=== Begin Enclosure ===
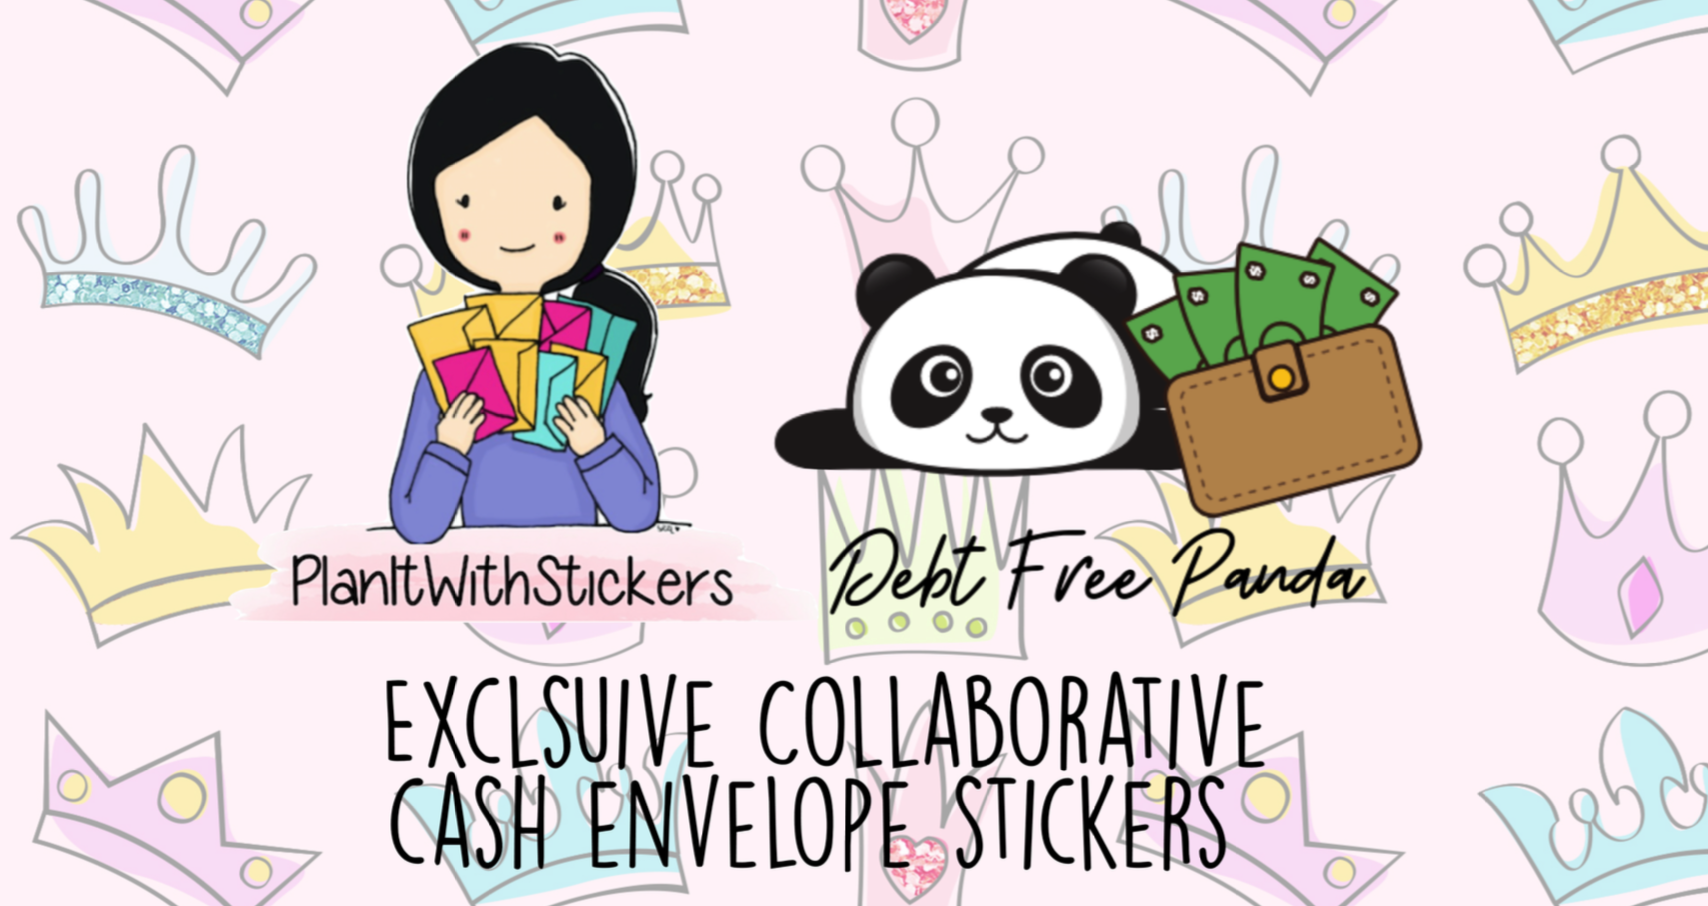 PIWS & DFP Exclusive Collaborative Cash Envelope Stickers
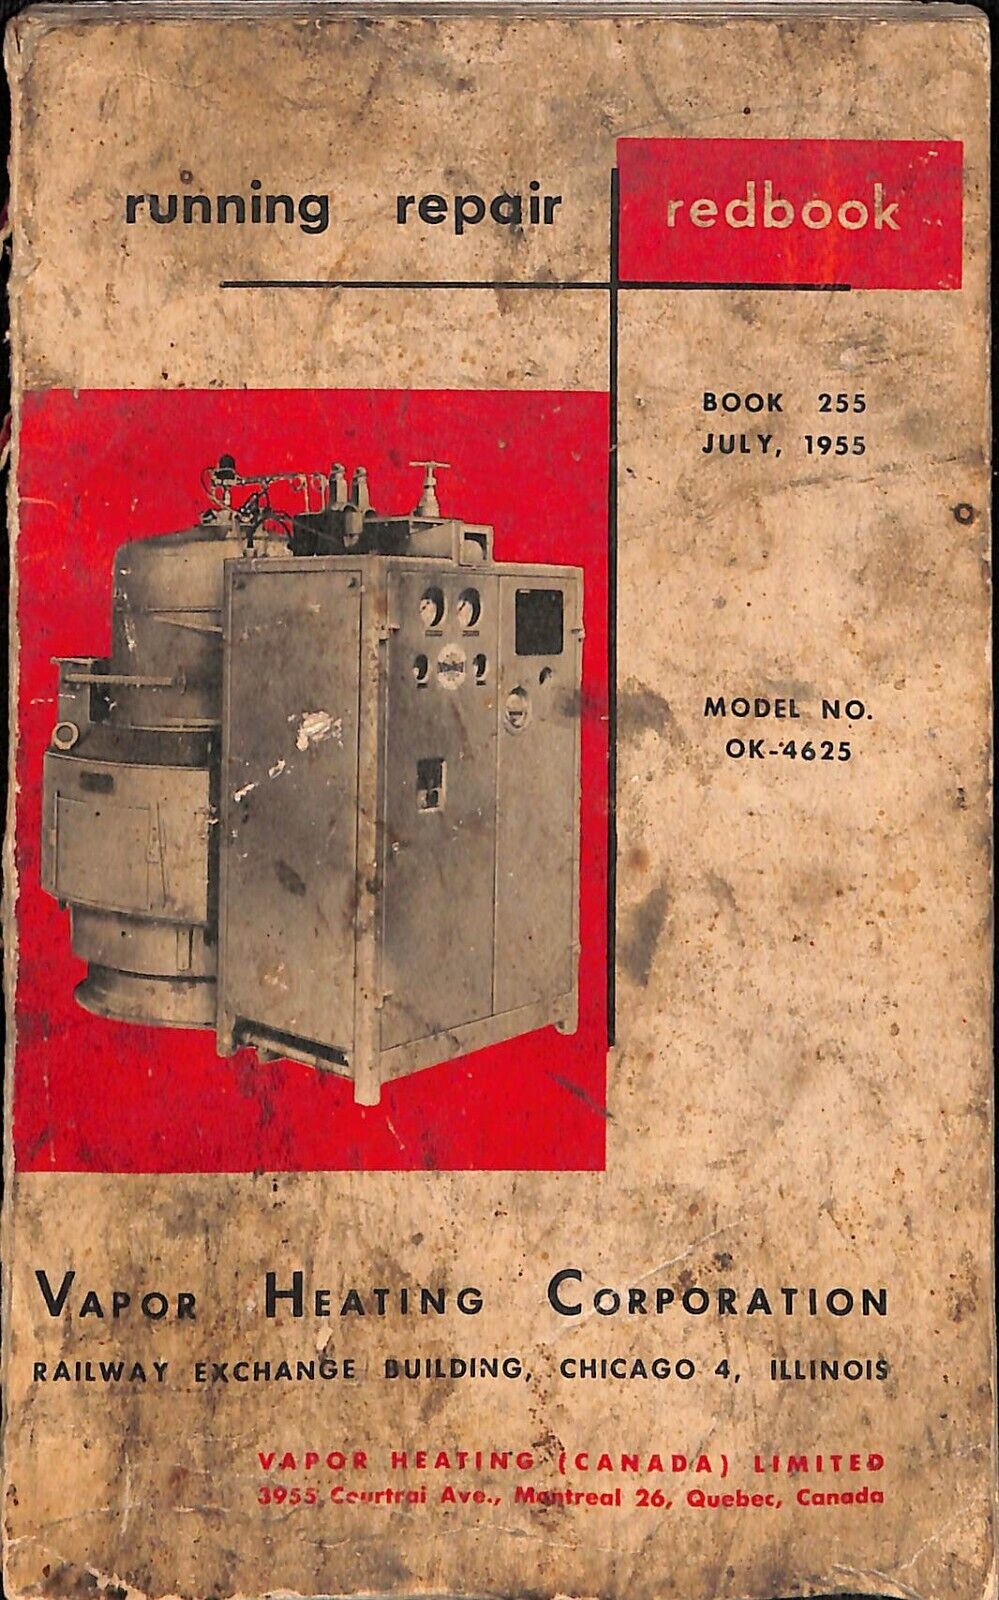 1955 Vapor Heating Corp Clarkson Steam Generator OK 4625 Repair Redbook CPB1
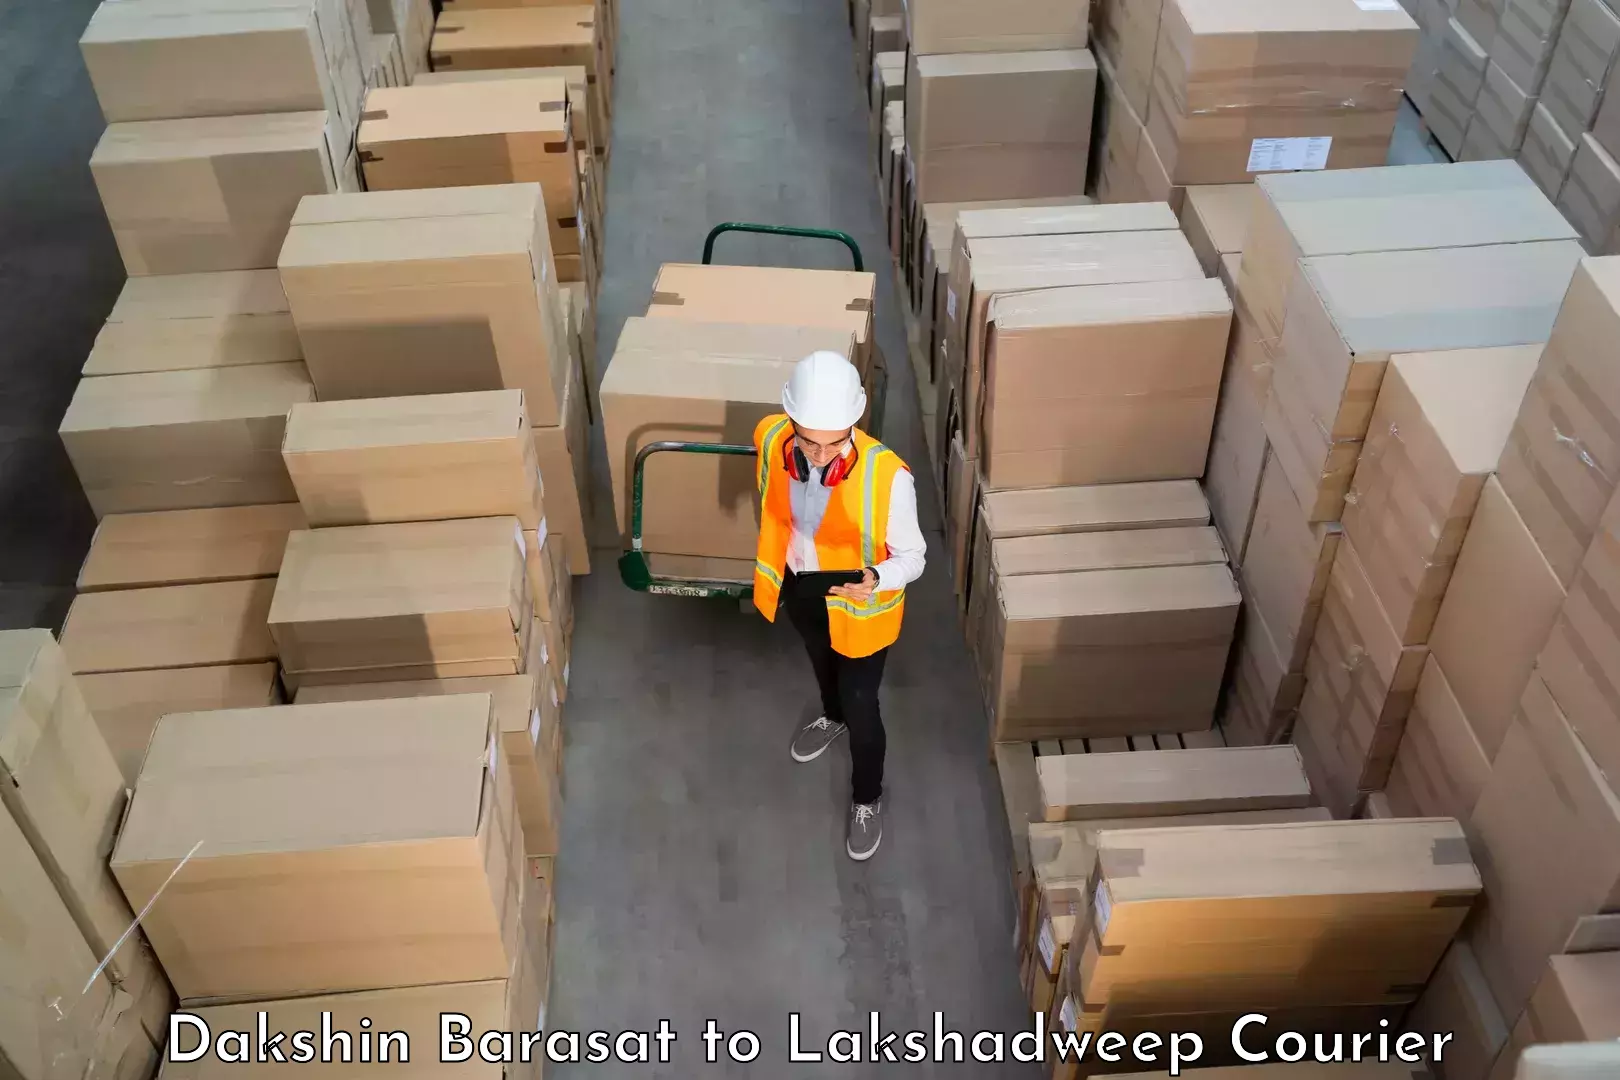 Furniture delivery service Dakshin Barasat to Lakshadweep
=== End Enclosure ===
Problem requirements: Reprint the listing above verbatim but drop the images.

Written solution:
 PIWS & DFP Exclusive Collaborative Cash Envelope Stickers
 1955 Vapor Heating Corp Clarkson Steam Generator OK 4625 Repair Redbook CPB1
 Furniture delivery service Dakshin Barasat to Lakshadweep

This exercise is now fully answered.